Friday, 21 January 2011

Dog food 'n' chips, please!

As well as the 31,000 kilometres and all the Open University courses I need to pass, friends are setting me other challenges for this ride. My favourite one so far is to try something I've never eaten before in each country I cycle through. I assume this refers to food rather than, say, dog shit or traffic lights.

I had a similar experience on a previous ride when, as part of a list of 28 tasks, my girlfriend Nina challenged me to hunt out morteruelo, a dish from the Castilla-La Mancha region of Spain. The closest literal translation I can find for morteruelo is 'pox death' but I'm sure that can't be right. On a menu it might describe itself as game paté but that oversells it to me. If you want to know what it tastes like imagine two Weetabix in a bowl, add lashing of hot milk and leave until the 'bix have gone soggy. Now stir in a tin of dog food. Yep, that's about it.

So in order to optimize my culinary adventure I thought I'd do a bit of research to find out what sort of interesting tasties might await me abroad. It's better to go into these things with your eyes open, like a sheep's head on a Norwegian dinner table.

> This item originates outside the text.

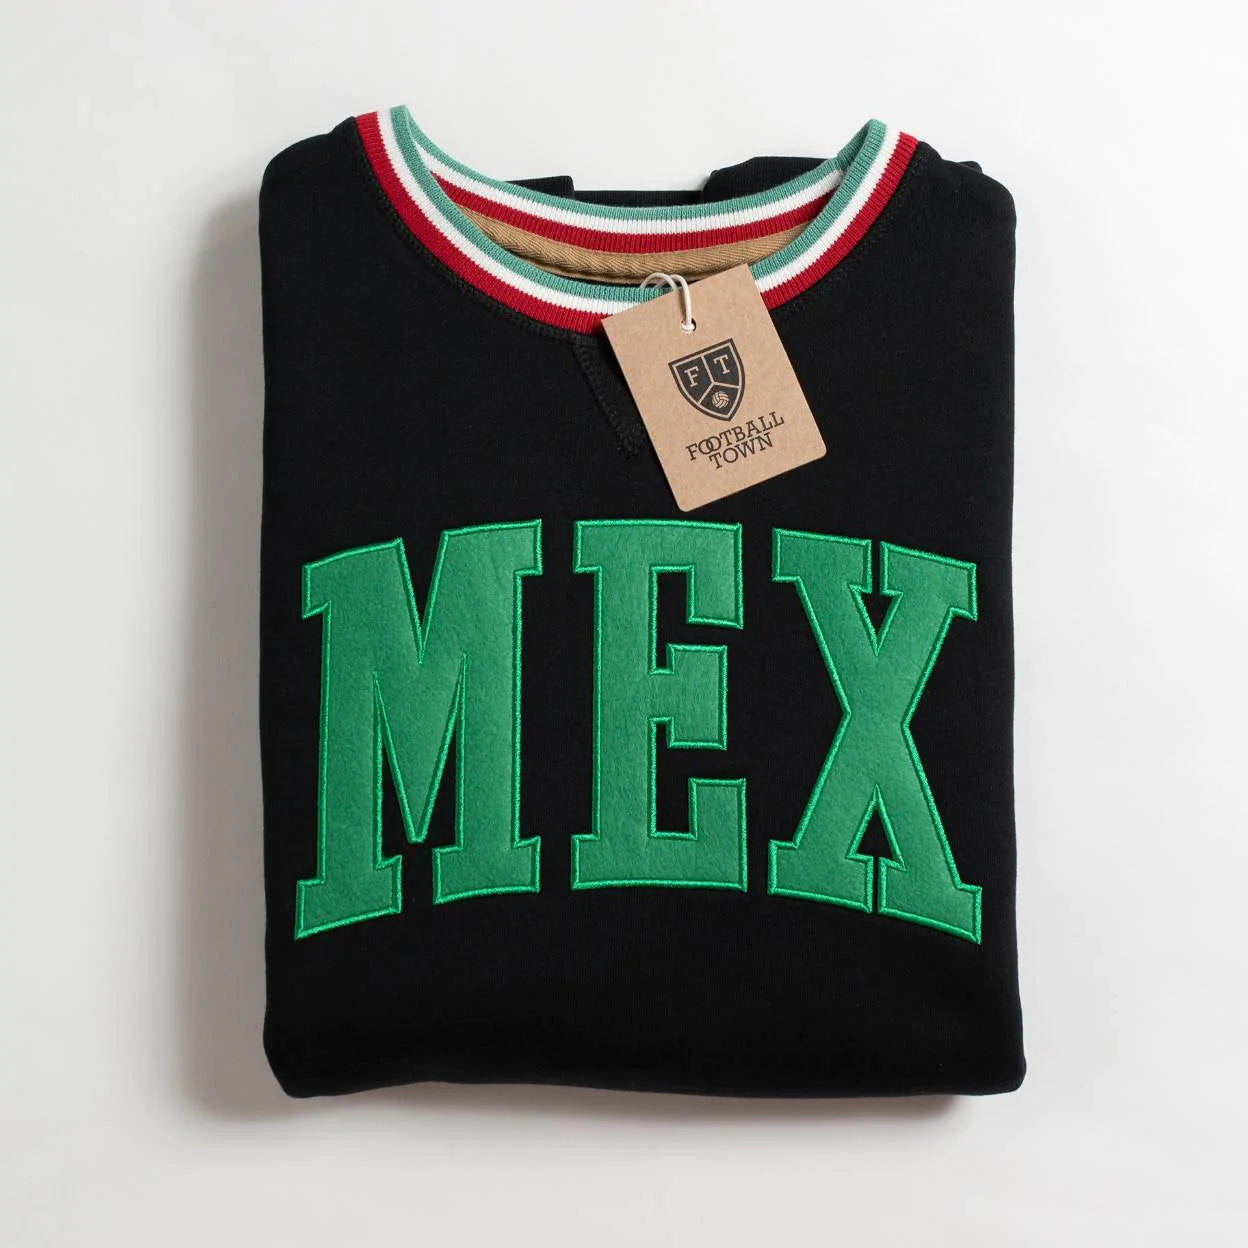 Sweatshirt MEX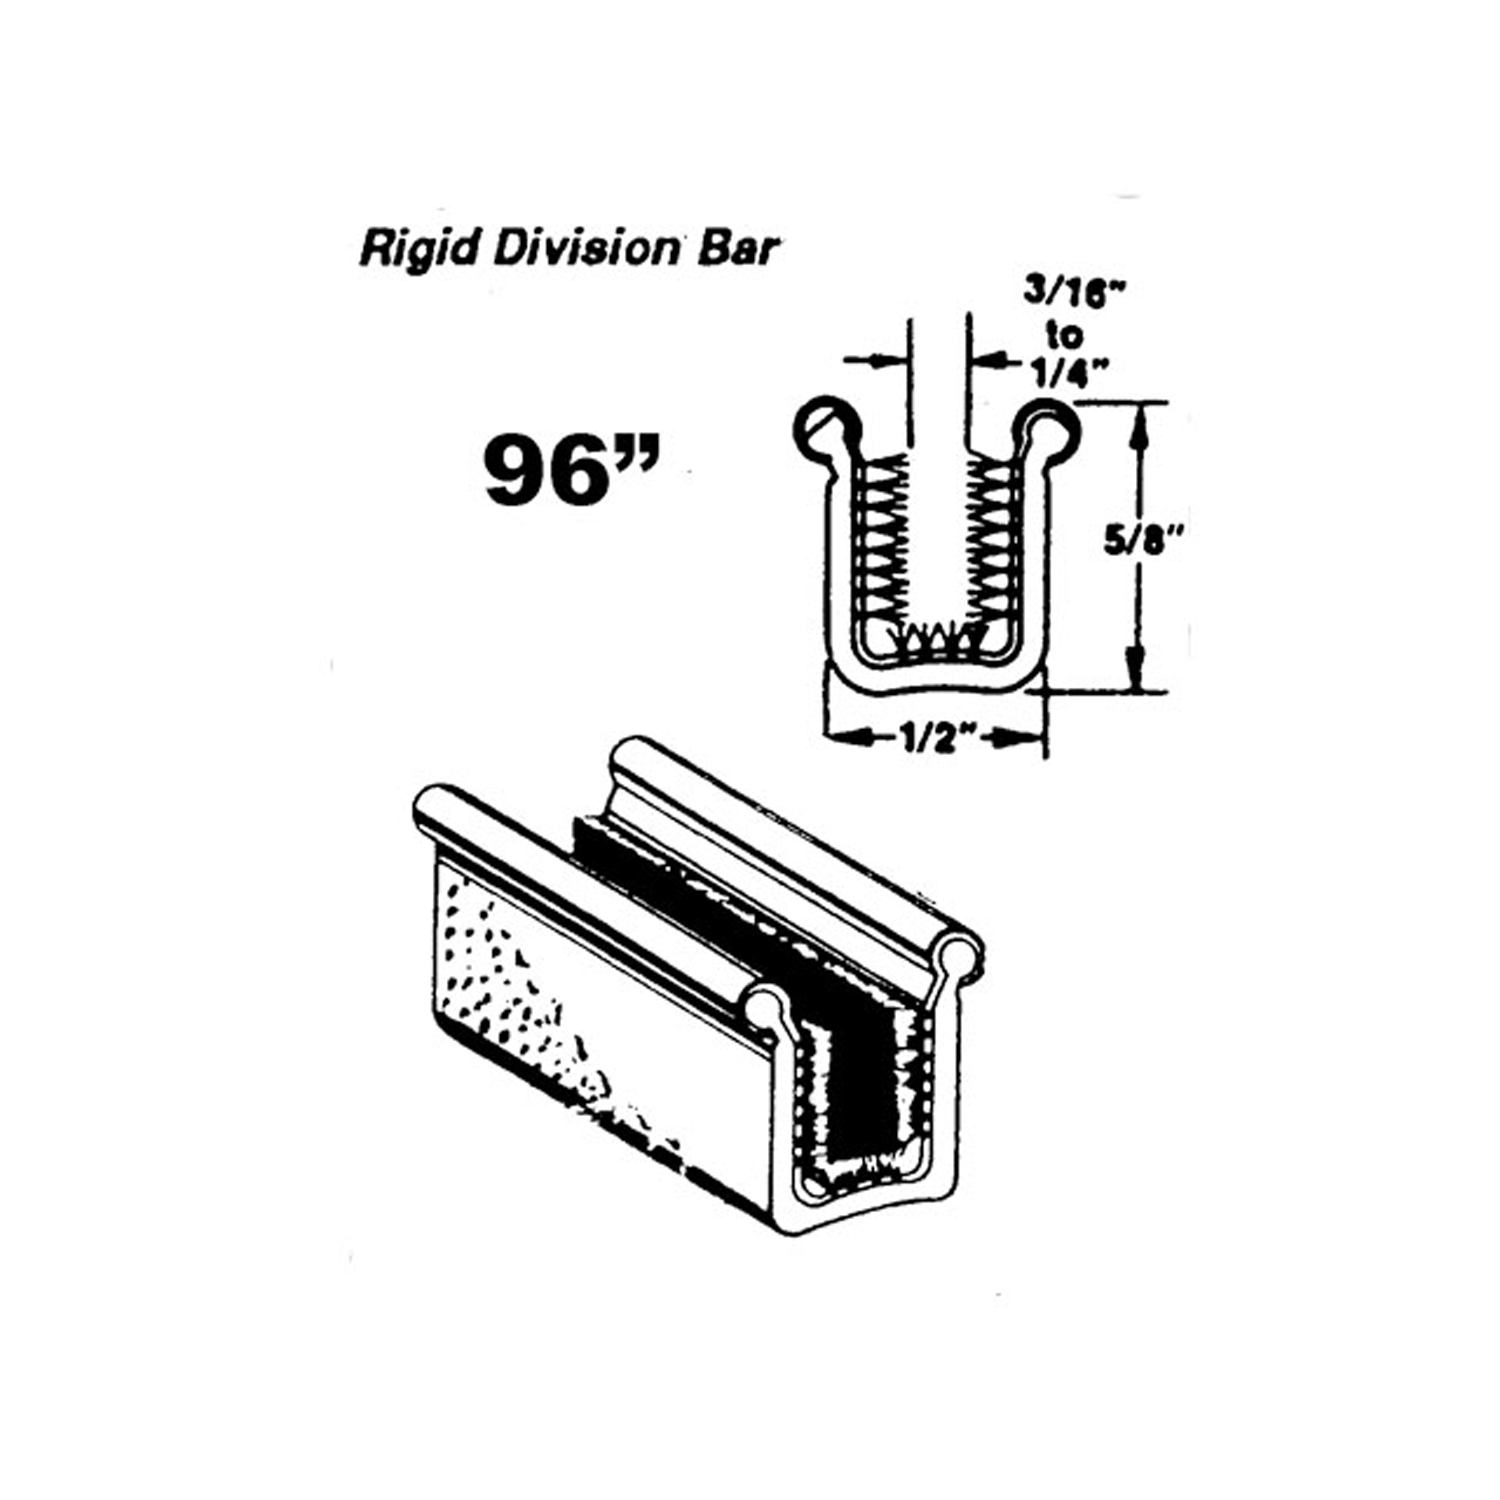 1961 Ford Galaxie Rigid division-bar channel-WC 28-96

France is known for its fine food but out of sheer curiosity I'm tempted by something that when cooked supposedly has the subtle aroma of urine and faeces. Yummy! This is andouillette, a tripe sausage stuffed with chitterlings, onions and pepper. I have to admit that it was Mr Google who told me what chitterlings are, or maybe what chitterlings is - I'm still not sure whether it's singular or plural. Apparently it's (or they're) the small intestine of a pig. Now, I've never liked tripe but I thought if it was combined with something even more disgusting then it might slip down more easily. It's the same principle that a quick visit to Basingstoke will make it easier to spend the rest of the afternoon in Slough.

But it's not all poop-flavoured treats. Ukraine actually sounds like fun. Salo is the name of its smoked and aged pig fat. So what, you're asking, loads of countries make greasy crap like that. But what makes it unique in Ukraine is that it's chocolate-coated. Genius! As someone who loves the combination of sweet and salty that sounds like heaven to me. Duncan Bannatyne's already organised a boatload as the centrepiece of next month's Scottish Health Week.

There are tons of other colourful things that might appear on my plate. In Hungary there's the delicious-sounding pig's blood and eggs - not a hundred miles away from a typical breakfast round at Fred West's gaff - and Poland's nozki or jellied cow's foot. In Italy there's even cibreo, a dish of cocks' combs. By the way, that's the flappy bit on a rooster's head and not a grooming aid for blokes with pubic lice. It's hard to imagine eating much of this without Ant and Dec standing by urging me on to win another dinner for camp.

The hardest part of the challenge will be finding something I've never eaten before in the UK. Maybe something that's not over-priced would be a good start, or a supermarket sandwich with the flavour of something other than soggy bread. It doesn't bode well that London's was recently voted the worst cuisine in Europe. Maybe I'll just have to settle for those traffic lights in dog shit sauce.